Limitations & Future Work

  • The algorithm does not guarantee low test loss—in ResNet18 experiments, while training loss was low, test loss increased, indicating the path might traverse regions with poor generalization.
  • LLPF_M2O only supports moving from larger variance spheres to smaller ones; the reverse is infeasible due to gradient explosion.
  • There are several hyperparameters (\(\text{step}_f, \text{step}_a, \text{step}_c, r\), layer order). Although the authors claim layer selection/order is the primary factor for success, practical tuning still requires experience.
  • Validation is currently limited to small datasets like CIFAR10/CIFAR100/ImageNet10; applicability to large-scale models (e.g., ViT-Large, LLMs) remains unknown.
  • Lack of theoretical guarantees; the global path connectivity conjecture currently relies solely on empirical evidence.

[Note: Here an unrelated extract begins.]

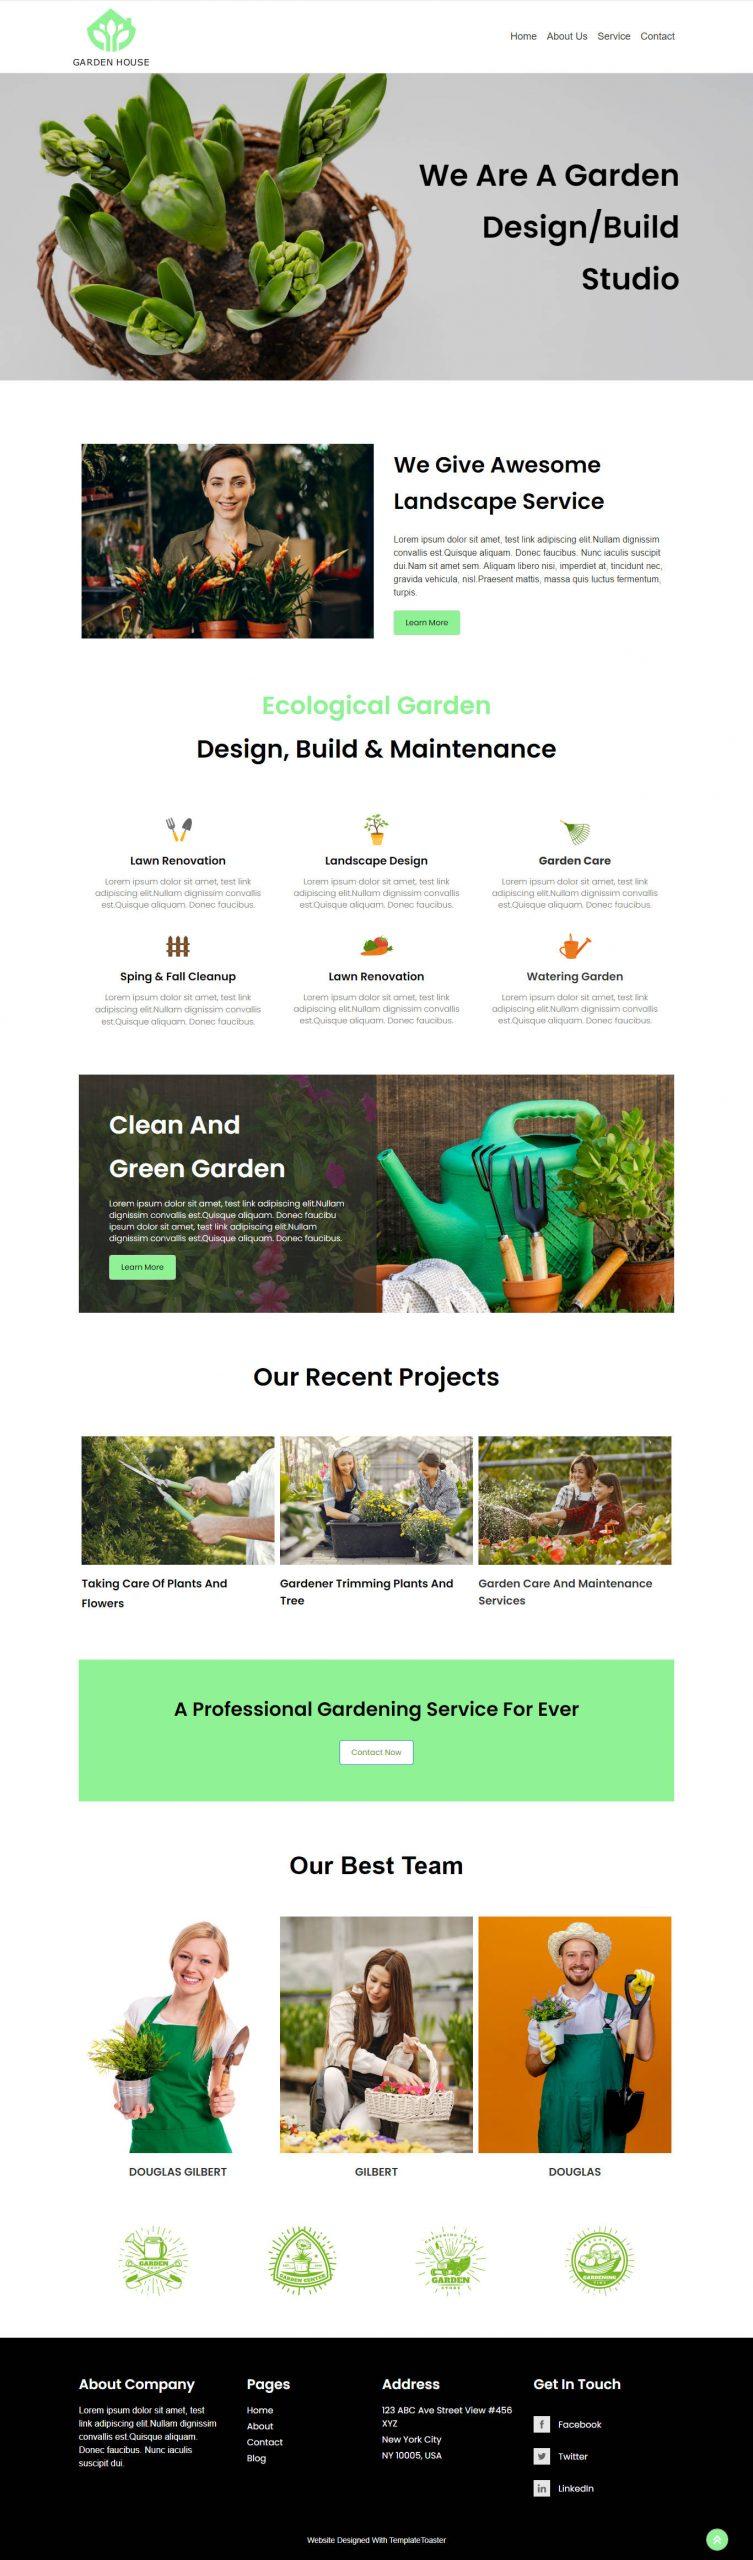 Backyard Lawn - Garden Care Template

  • FGE (Garipov et al., 2018) connects modes using Bézier curves, a pioneering work, but effectively only connects proximal modes.
  • AutoNEB (Draxler et al., 2018) uses the NEB method to bend interpolation paths but yields inconsistent results.

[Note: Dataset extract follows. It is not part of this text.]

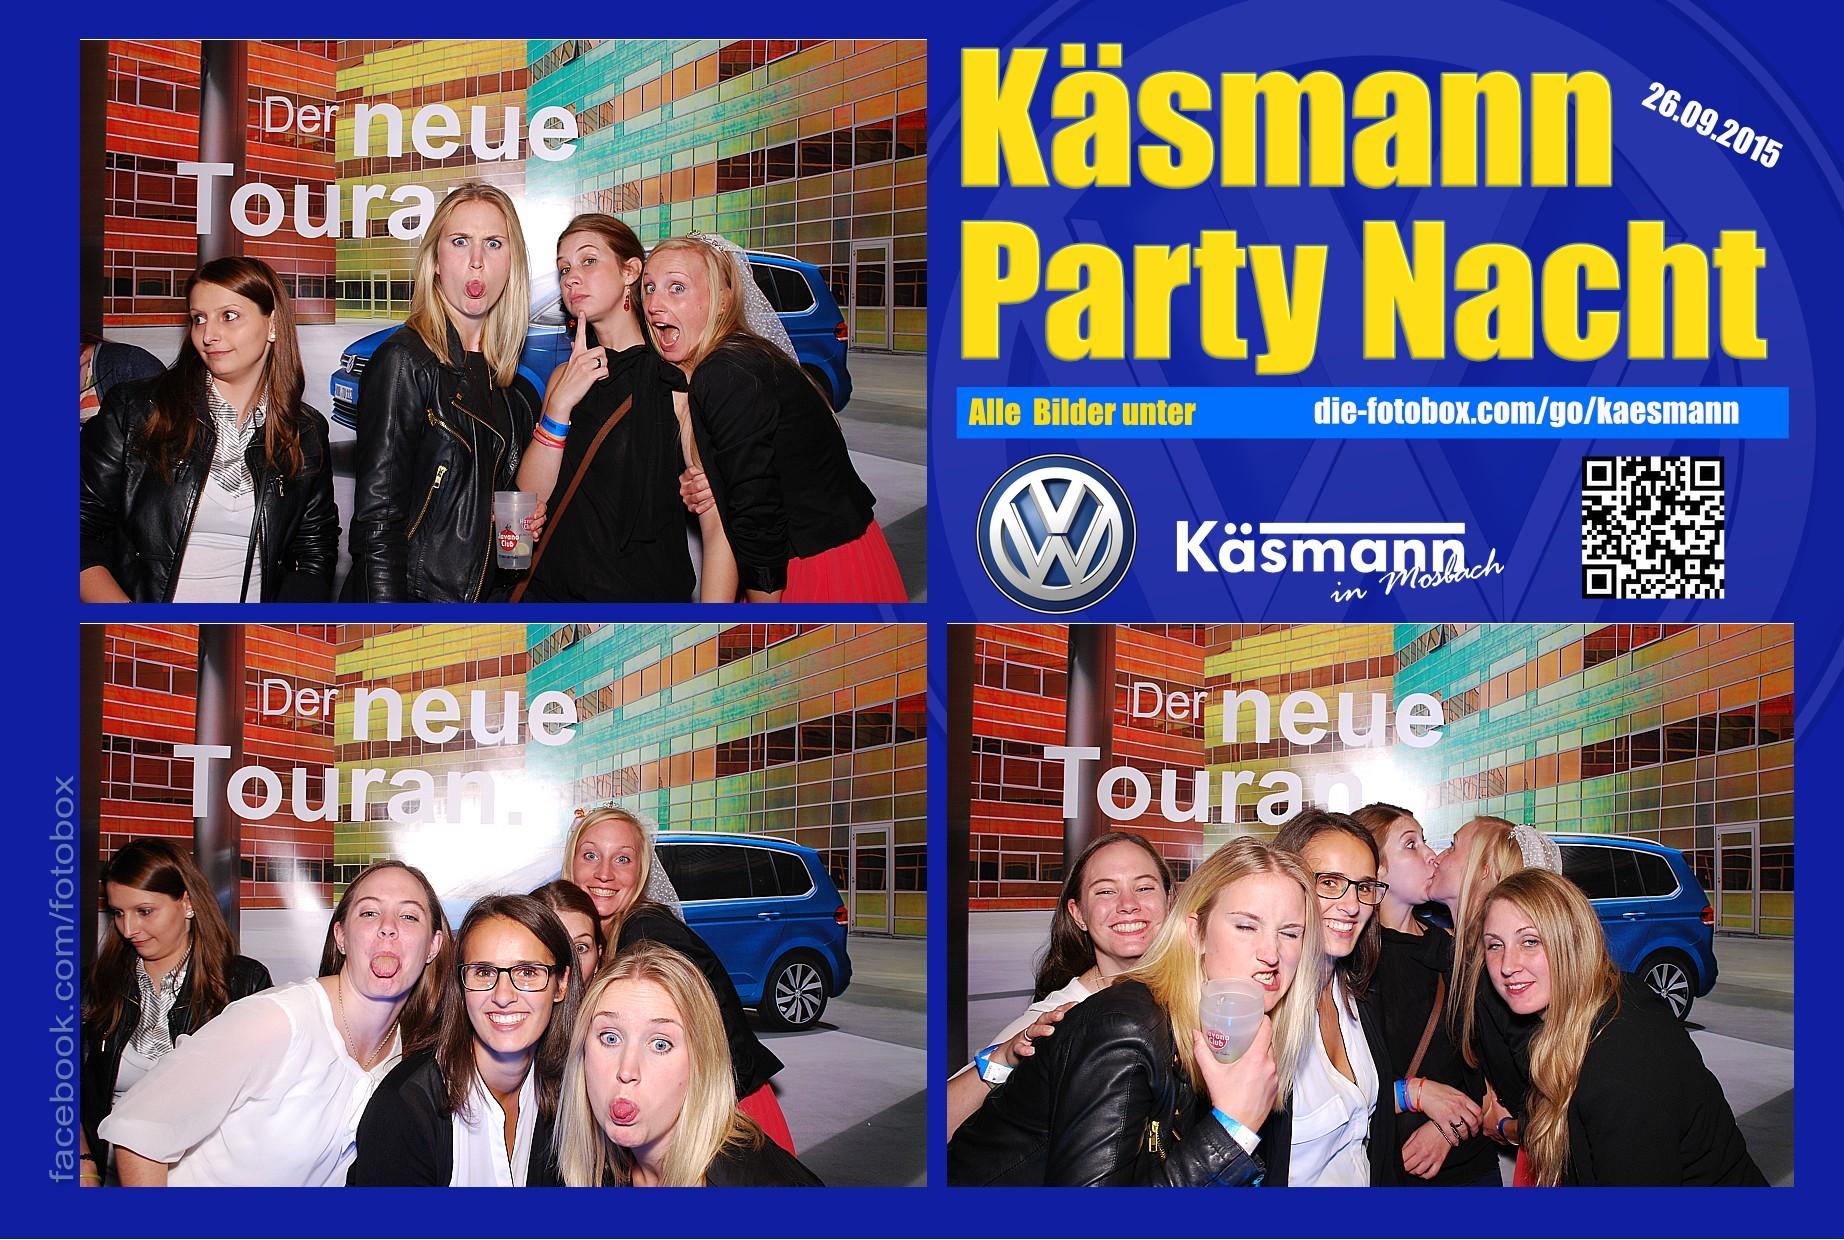 Käsmannparty 2015 - www.die-fotobox.com 01008

  • Layer-wise LMC (Adilova et al., 2024) introduced the concept of layer-wise linear mode connectivity, providing a theoretical foundation for the layer-wise strategy in this paper.
  • Git Re-Basin (Ainsworth et al., 2023) achieves connectivity via permutation alignment, which differs from connectivity between independently trained modes.
  • The variance sphere perspective in this paper may offer new geometric insights for model fusion/model soups and model aggregation in Federated Learning.

Rating

  • Novelty: 8/10 — The framework of variance spheres combined with layer-wise movement is novel with clear geometric intuition.
  • Experimental Thoroughness: 8/10 — Covers various architectures with \(\ge\) 10 repetitions per experiment, providing sufficient consistency validation.
  • Writing Quality: 7/10 — Rigorous notation, though the algorithm description is somewhat lengthy.
  • Value: 7/10 — Advances the understanding of loss landscapes, though practical application scenarios require further exploration.